Simply put, a partitioned view is a view that unions tables together that serve as partitions—or sections—of a larger set of data. For example, a partitioned view over the activity on a Web site might union together separate tables for each month of the year. Each of these tables would store the activity data for a particular month. By unioning them together, the partitioned view would allow them to be treated as a single table while still keeping their sizes manageable.

There are two types of partitioned views—local partitioned views (LPVs) and distributed partitioned views (DPVs). An LPV is a view in which all the underlying tables reside on the same SQL Server instance. A DPV is a view in which they live on separate instances. These instances don't have to be on different machines, but usually they are. Spreading a DPV across multiple machines helps “scale out” large SQL Server implementations. It can effectively bring the processing power and resources of many machines together to process a single query.

A partitioned view is a normal view object that unions together tables with certain attributes. It is characterized by tables with the same structure that are combined to provide a unified view of a set of data but are segmented on a clearly defined “partitioning column.” This partitioning column is set up using a CHECK constraint. In addition to doing what CHECK constraints always do—namely, controlling the type of data a column will accept—the partitioning column of an LPV or a DPV provides a means for the SQL Server query optimizer to be able to determine which partition a given column value resides in as it creates a query plan.

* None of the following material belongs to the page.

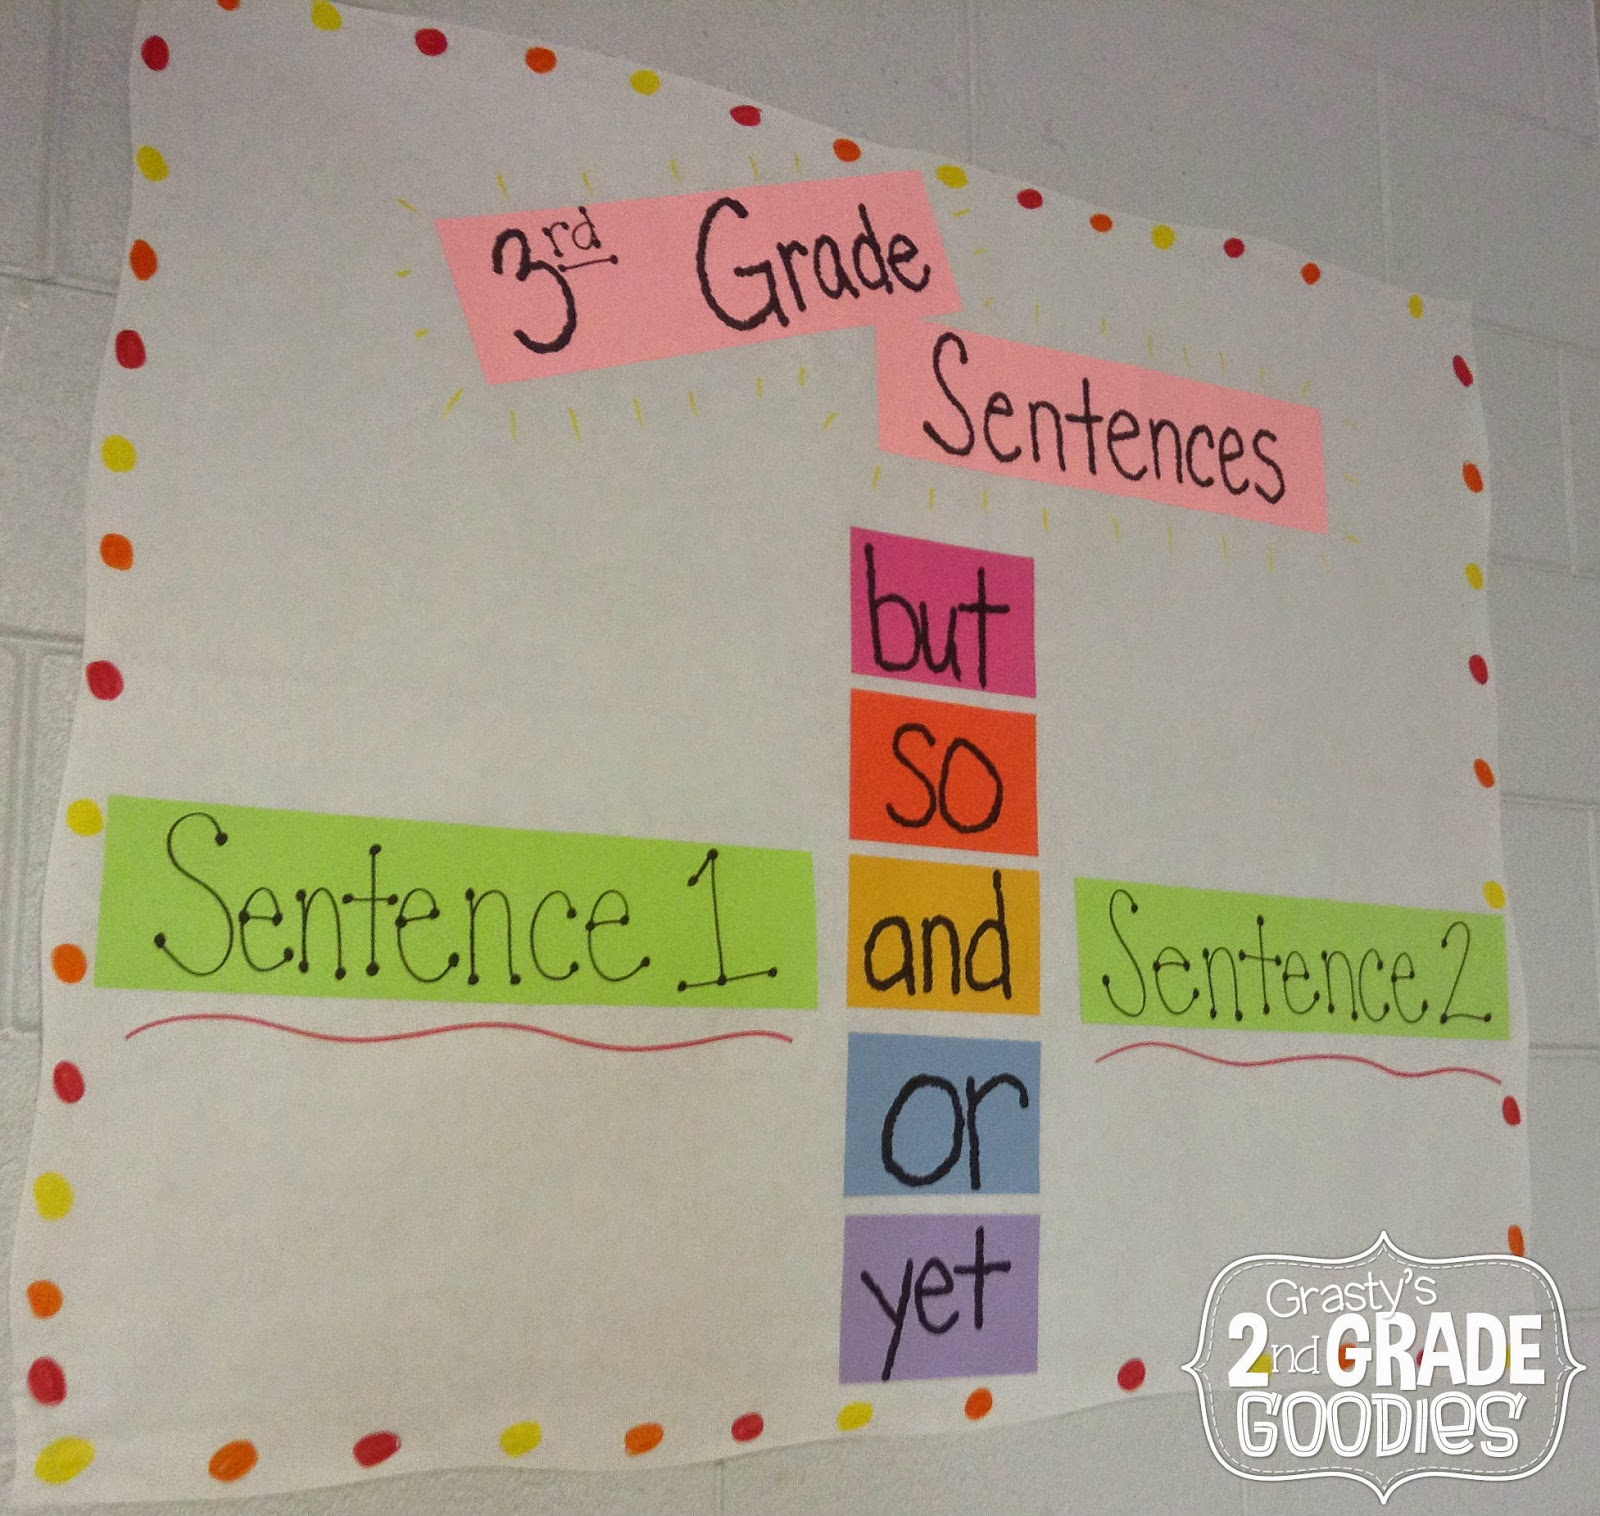 Grasty S 2nd Grade Goo S Writing Compound Sentences Can Be Fun

This allows it to eliminate searches for the other partitions from the query plan when optimizing a query that includes the partitioning column.

This is best understood by way of example (Listing 17.1).

Listing 17.1. A Basic Partitioned View
CREATE TABLE CustomersUS (
  CustomerID nchar (5) NOT NULL,
  CompanyName nvarchar (40) NOT NULL ,
  ContactName nvarchar (30) NULL ,
  ContactTitle nvarchar (30) NULL ,
  Address nvarchar (60) NULL ,
  City nvarchar (15) NULL ,
  Region nvarchar (15) NULL ,
  PostalCode nvarchar (10) NULL ,
  Country nvarchar (15) NOT NULL CHECK (Country='US'),
  Phone nvarchar (24) NULL ,
  Fax nvarchar (24) NULL,
CONSTRAINT PK_CustUS PRIMARY KEY (Country, CustomerID)
)

CREATE TABLE CustomersUK (
  CustomerID nchar (5) NOT NULL,
  CompanyName nvarchar (40) NOT NULL ,
  ContactName nvarchar (30) NULL ,
  ContactTitle nvarchar (30) NULL ,
  Address nvarchar (60) NULL ,
  City nvarchar (15) NULL ,
  Region nvarchar (15) NULL ,
  PostalCode nvarchar (10) NULL ,
  Country nvarchar (15) NOT NULL CHECK (Country='UK'),
  Phone nvarchar (24) NULL ,
  Fax nvarchar (24) NULL,
CONSTRAINT PK_CustUK PRIMARY KEY (Country, CustomerID)
)

CREATE TABLE CustomersFrance (
  CustomerID nchar (5) NOT NULL,
  CompanyName nvarchar (40) NOT NULL ,
  ContactName nvarchar (30) NULL ,
  ContactTitle nvarchar (30) NULL ,
  Address nvarchar (60) NULL ,
  City nvarchar (15) NULL ,
  Region nvarchar (15) NULL ,
  PostalCode nvarchar (10) NULL ,
  Country nvarchar (15) NOT NULL CHECK (Country='France'),
  Phone nvarchar (24) NULL ,
  Fax nvarchar (24) NULL,
CONSTRAINT PK_CustFR PRIMARY KEY (Country, CustomerID)
)

GO

DROP VIEW CustomersV
GO

CREATE VIEW CustomersV
AS
SELECT * FROM dbo.CustomersUS
UNION ALL
SELECT * FROM dbo.CustomersUK
UNION ALL
SELECT * FROM dbo.CustomersFrance
GO

As you can see, we create three tables to store partitions, or slices, of a customer table. We then union those tables back together using a partitioned view. What's the point? Why not store the data as a single table? There are two advantages to using this approach: (1) By segmenting the customer data, we keep the tables more manageable—the individual partitions will be a fraction of the size of the entire customer table; and (2) SQL Server's query optimizer can recognize partitioned views and automatically determine the right underlying table to query based on the filter criteria and the CHECK constraint on the partitioning column. For example, have a look at the execution plan of the following query:

SELECT * FROM dbo.Customersv WHERE Country='US'

(Results abridged)
StmtText
------------------------------------------------------------------
SELECT CompanyName=CompanyName FROM dbo.CustomersV WHERE Country=@
  |--Compute Scalar(DEFINE:(CustomersUS.CompanyName=CustomersUS.Co
       |--Clustered Index Scan(OBJECT:(Northwind.dbo.CustomersUS.P

Even though we reference the view in our query, the optimizer figures out that the data we're requesting could only reside in one of the view's underlying tables, so it queries that table directly and omits the others from the query plan. It uses the WHERE clause criteria and the partitioning column in each table (its primary key) to make this determination.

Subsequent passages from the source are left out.